TERCERA: Toda entidad o
persona que deba cumplir lo establecido en este Decreto-Ley ha de adecuar sus
actividades a las disposiciones de éste en el término de doce meses, contados a
partir de la fecha de su publicación en la Gaceta Oficial de la República,
cuando tales actividades no impliquen la necesidad de realizar inversiones.
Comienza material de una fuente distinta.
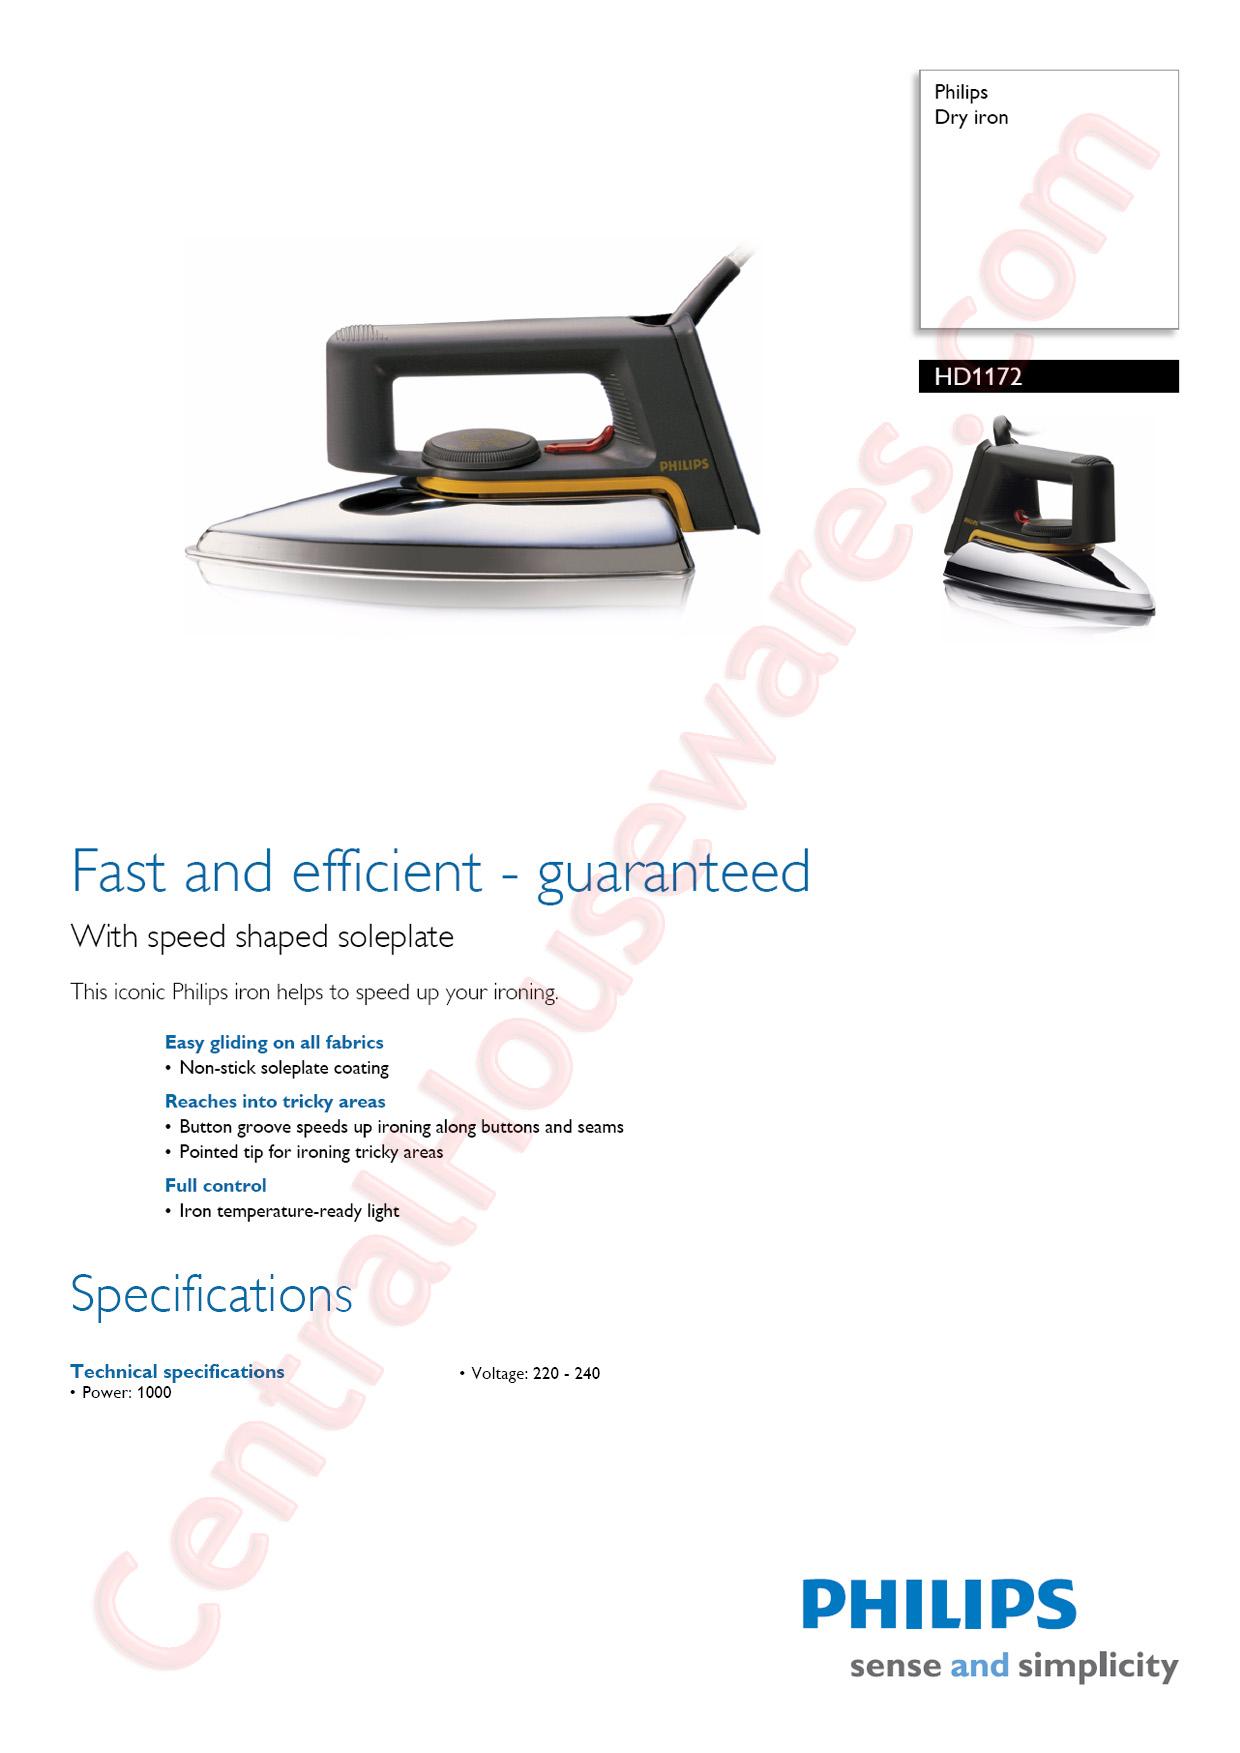 Philips Setrika Dry Hd1172 Hitamkuning5 Daftar Harga Terbaru Dan Hd 1172 Hitam Product Code Description

Este término no excusa del cumplimiento de las disposiciones que por
su naturaleza sea posible cumplir de inmediato.
CUARTA: Cuando en
cumplimiento de lo establecido en este Decreto-Ley, conforme a la Disposición
Final Segunda de la Ley de Protección del Medio Ambiente y del Uso Racional de
los Recursos Naturales, se requieran nuevas inversiones en instalaciones existentes,
los obligados a esto dispondrán de un término de doce meses contados a partir
de la fecha en que entre en vigor su Reglamento, para la elaboración de las
propuestas de las medidas necesarias y su presentación a la Junta Central de
Planificación, la que a su vez, oído el parecer del Instituto Nacional de
Recursos Hidráulicos, las someterá a la consideración del Consejo de Ministros.
El término conferido no excusará a los obligados, de adoptar o aplicar
las medidas que estén a su alcance con el objeto de atenuar los daños que
pudieran ocurrir como consecuencia de la inexistencia de la obra o instalación
requerida.
DISPOSICIONES FINALES
PRIMERA: El Instituto
Nacional de Recursos Hidráulicos someterá a la aprobación del Consejo de
Ministros el proyecto de Reglamento de este Decreto-Ley en el término de
noventa días contados a partir de su publicación en la Gaceta Oficial de la
República.
SEGUNDA: La Ley de Protección
del Medio Ambiente y del Uso Racional de los Recursos Naturales, el Decreto-Ley
de las Disposiciones Sanitarias Básicas, y el Código Civil serán de aplicación
supletoria en lo que no esté previsto en este Decreto-Ley.
TERCERA: Se derogan en todas
sus partes:
I -El Real Decreto de 9 de
enero de 1891, que dispuso la vigencia en Cuba de la Ley de Aguas, de 13 de
junio de 1879
-El Real Decreto de 13 de
enero de 1891, que puso en vigor el Reglamento de la Ley de Aguas.
II -Orden Militar 47 de 22
de febrero de 1902, sobre el servicio de agua en la Ciudad de La Habana.
III Leyes:
-sin número, de 4 de julio de 1911, que
prohíbe arrendar o conceder a particulares o compañías, o controlar servicios
de abastecimiento de agua, cuyas obras hubiera costeado el Estado;
IV Acuerdo Ley 39, de 8 de junio de 1958.
V Decretos Presidenciales:
-1789, de 7 de mayo de 1948;
-5033, de 12 de noviembre de 1951.
-2433, de 9 de agosto de 1955;
-290, de 2 de febrero de 1956;
VI Decretos:
-943, de 19 de octubre de 1912;
-459, de 25 de marzo de 1929;
-66, de 3 de enero de 1934; y
-1887, de 9 de mayo de 1952.
Igualmente se
derogan cuantas otras disposiciones legales se opongan a lo que por medio de
este Decreto-Ley se dispone.
CUARTA: Este Decreto-Ley comenzará a regir a
partir de los 30 días de su publicación en la Gaceta Oficial de la República.
DADO en el Palacio
de la Revolución, en la ciudad de La Habana, a 1ro. de julio de 1993.